(anonymous guest) (logged out)

Copyright (C) by the contributors. Some rights reserved, license BY-SA.

Sponsored by the Wiki Symposium and the Nuveon GmbH.



After editing the title page and trying to start a link to and finding it disappearing I wondered whether creole was intended to replace or overlay html coding. At least from this wiki (if it is creole 1.0 compliant?) it appears that at least some html coding like is included within the wiki and creole is an addition rather than replacement.

The question really boils down to whether the document should have all html tags removed before/after the creole parser or not at all!!!!

How should: This is%20a test be displayed?

If a document includes: <a href="www.example.com>This is an example</a> should it be parsed to display character for character as is (creating a link), or should it be htmlspecialcharactered to escape all HTML or should it be displayed as "This is an example".

Couldn't find a page explicitly saying what the a standard says on this so started this one!!

In pure Creole, HTML elements and entities aren't supposed to be preserved. An engine which would do so could probably still be qualified to be "Creole-compliant" if this means anything. Wikicreole.org wasn't Creole-compliant last time I checked, a few weeks ago; you shouldn't try to duplicate its current behavior.

Note: this should eventually be moved to a talk page.

-- YvesPiguet, 2008-Apr-28

Yves, the real question I'm asking is what processing ought to happen on the text input by the user WHEN that text includes HTML which will affect the output displayed and/or affect the whole creole page, if e.g. a <table> element is included. Not explicitly stating the pre-processing environment required by the creole specification is a bit like selling venomous snakes in a supermarket expecting the customer to know that venomous snakes can kill.

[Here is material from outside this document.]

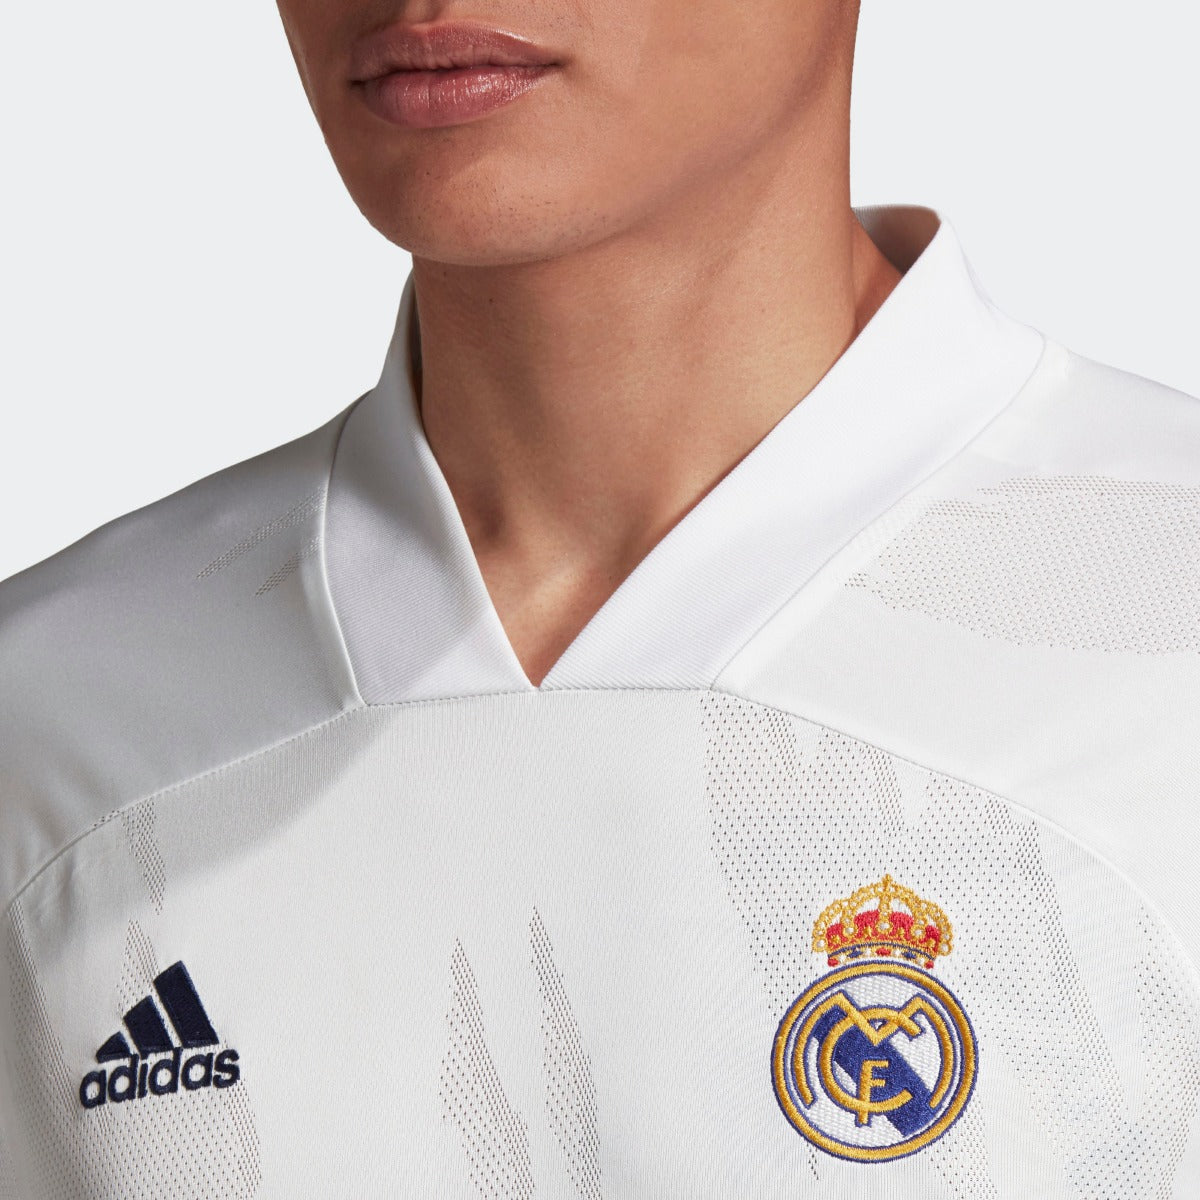 Adidas 2020-21 Real Madrid Home Jersey - White-Pink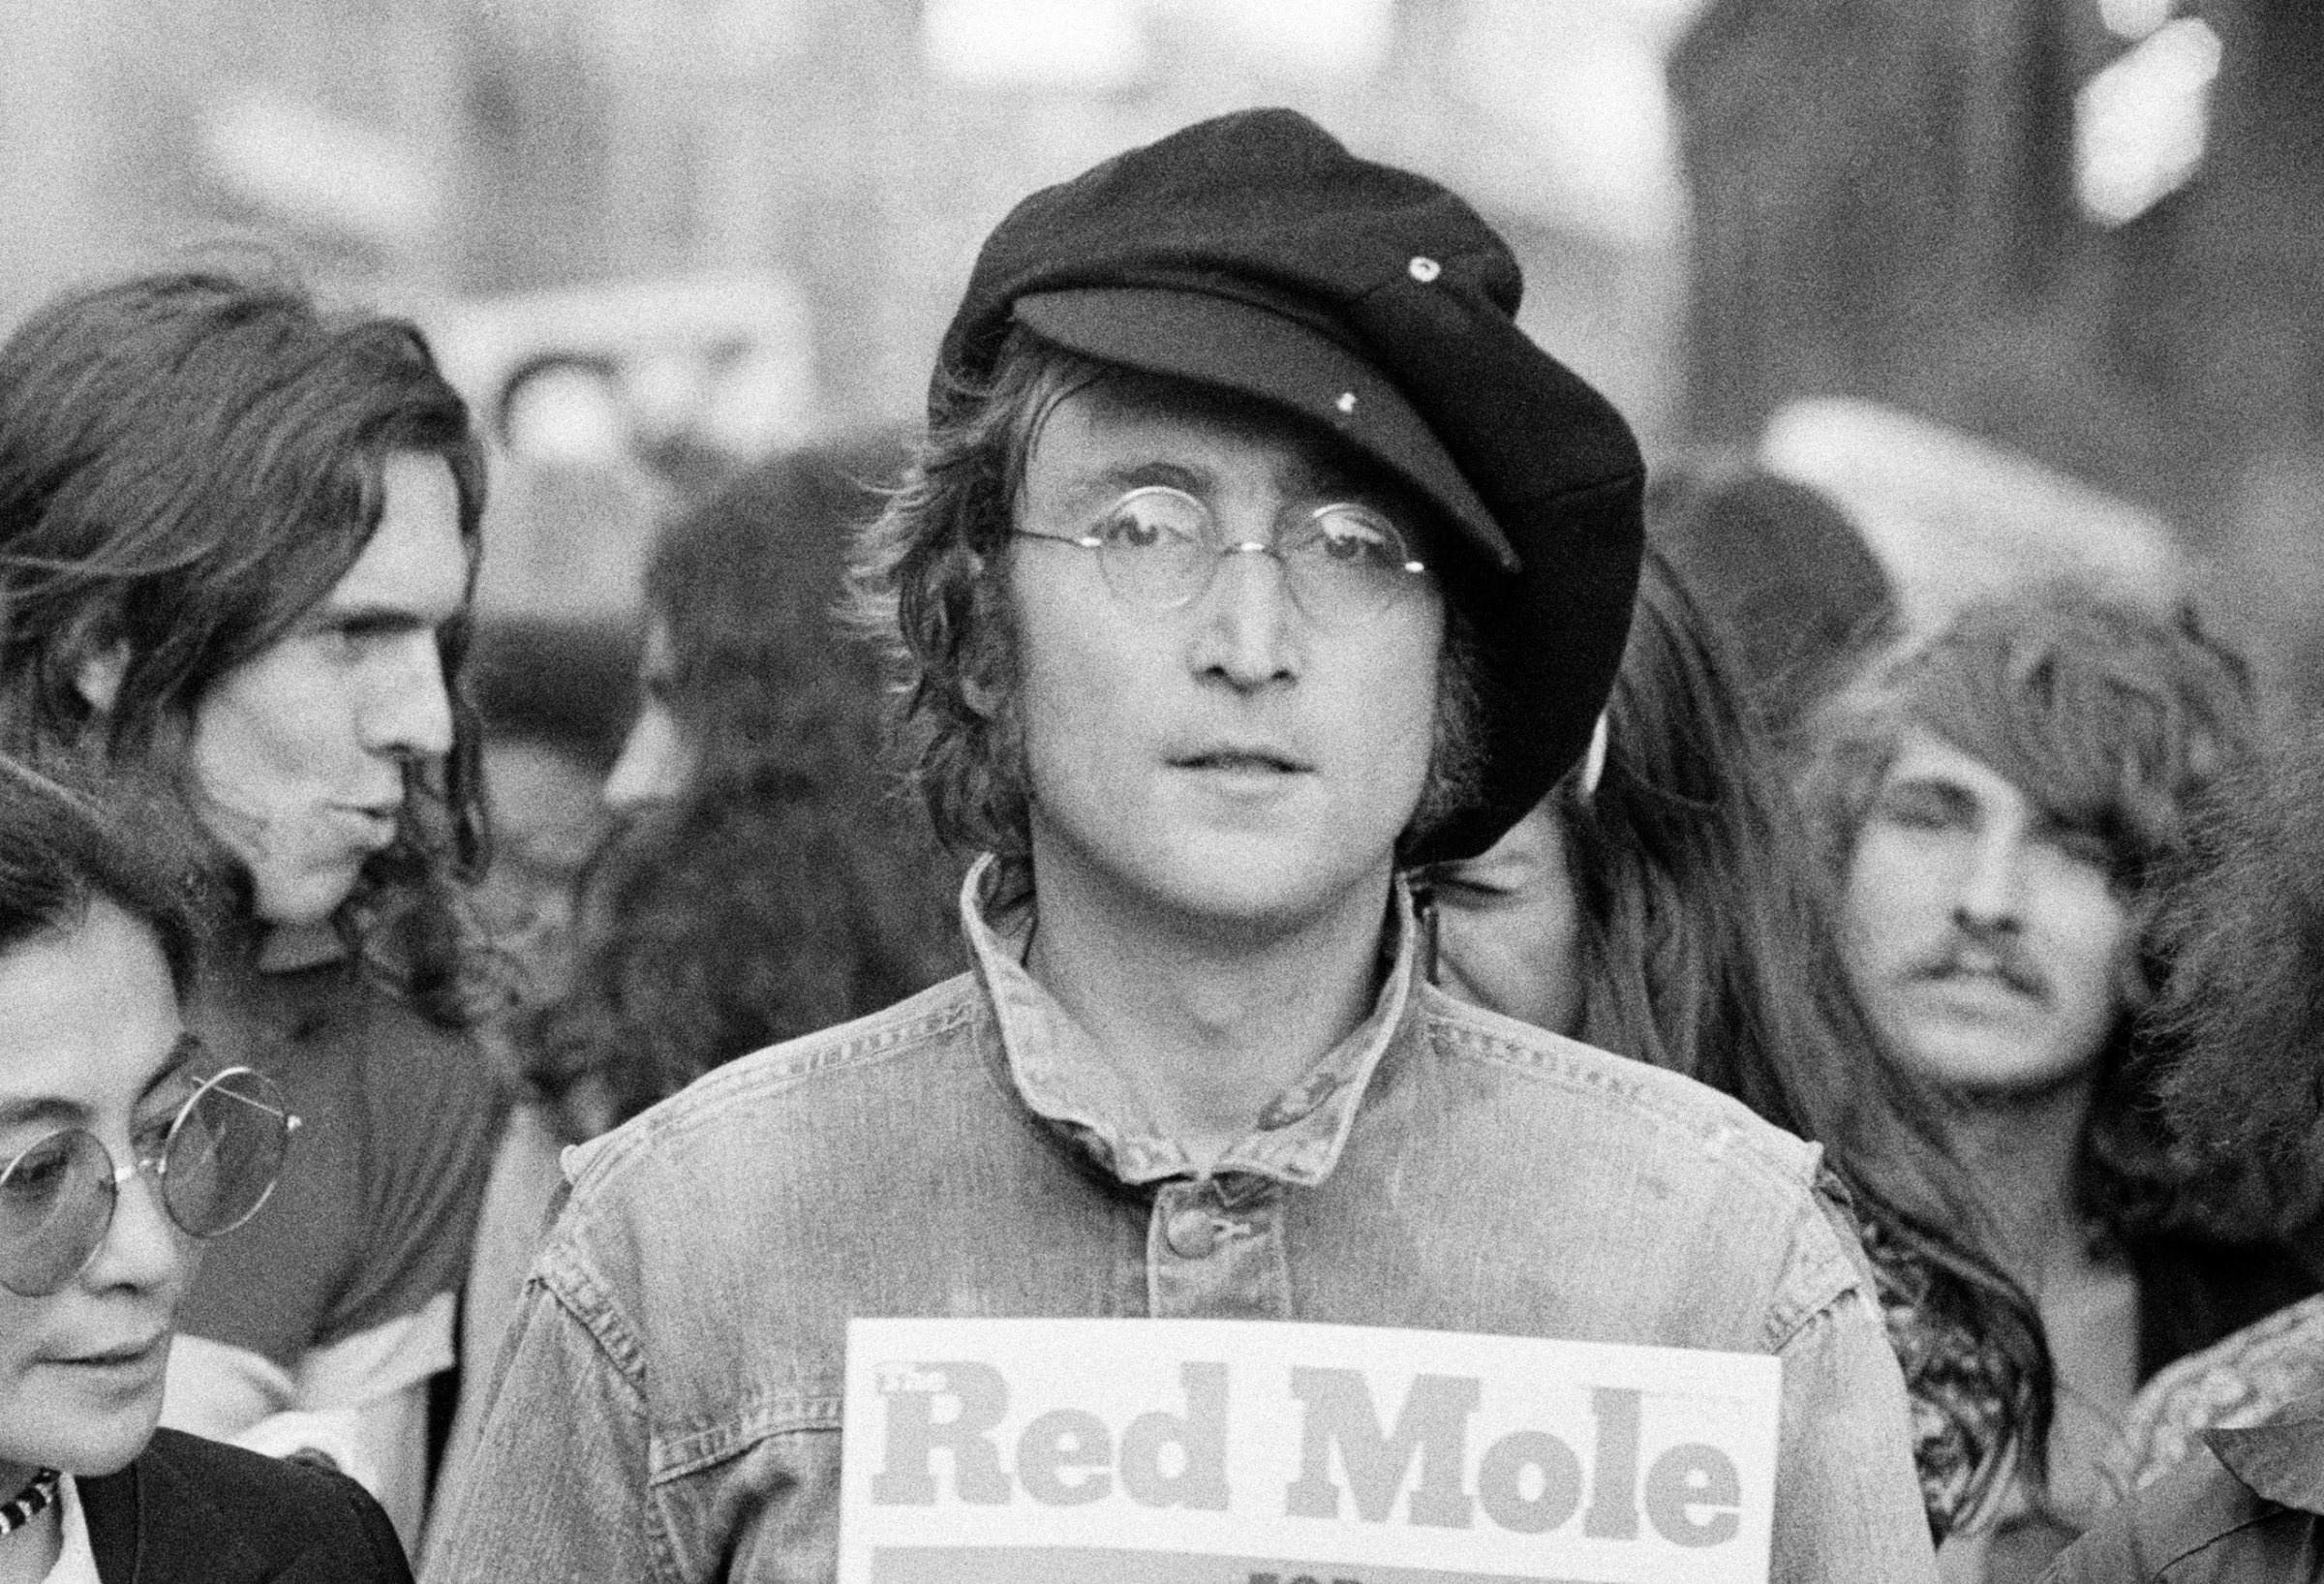 John Lennon and Yoko Ono (extreme left) as they attend a rally in Hyde Park, London, England, 1975.

I take it the specification would say "All html special characters should be escaped prior to parsing by creole", in which case any special characters in the Creole specification should refer to the escaped characters and not to the original raw characters!!!!

-- Isonomia, 2008-Apr-28

The translator must care about the output format: it should escape less-than, ampersand and double-quote in HTML and XML it produces, or backslash, percent and a few other characters for TeX output, or backslash and brace for RTF output, or parenthesis for Postscript output, etc. But some engines might prefer to pass HTML constructs as is to permit the author to use features not supported natively in Creole. In that case, filtering unsafe HTML constructs might be wise.

-- YvesPiguet, 2008-Apr-29

Yves, the specification isn't very helpful when it comes to deciding what needs to be filtered and what does not. E.g. when text is included as a hyperlink, but isn't a full URL, should it be escaped or should it be urlencoded?

-- Isonomia

I'm implementing the Creole spec for Ruby and came across the same issue.

It makes sense to me that by default, HTML is escaped; however, strictly no HTML is not pragmatic. I'd like an "allow HTML" block. Using triple braces denotes a "nowiki" block and perhaps we could use something similar (as it feels like a similar idea) like triple brackets "(((" to denote an "html" block.

<b>bold</b> works here
but <b>bold</b> does not work here but (((<b>works here</b>)))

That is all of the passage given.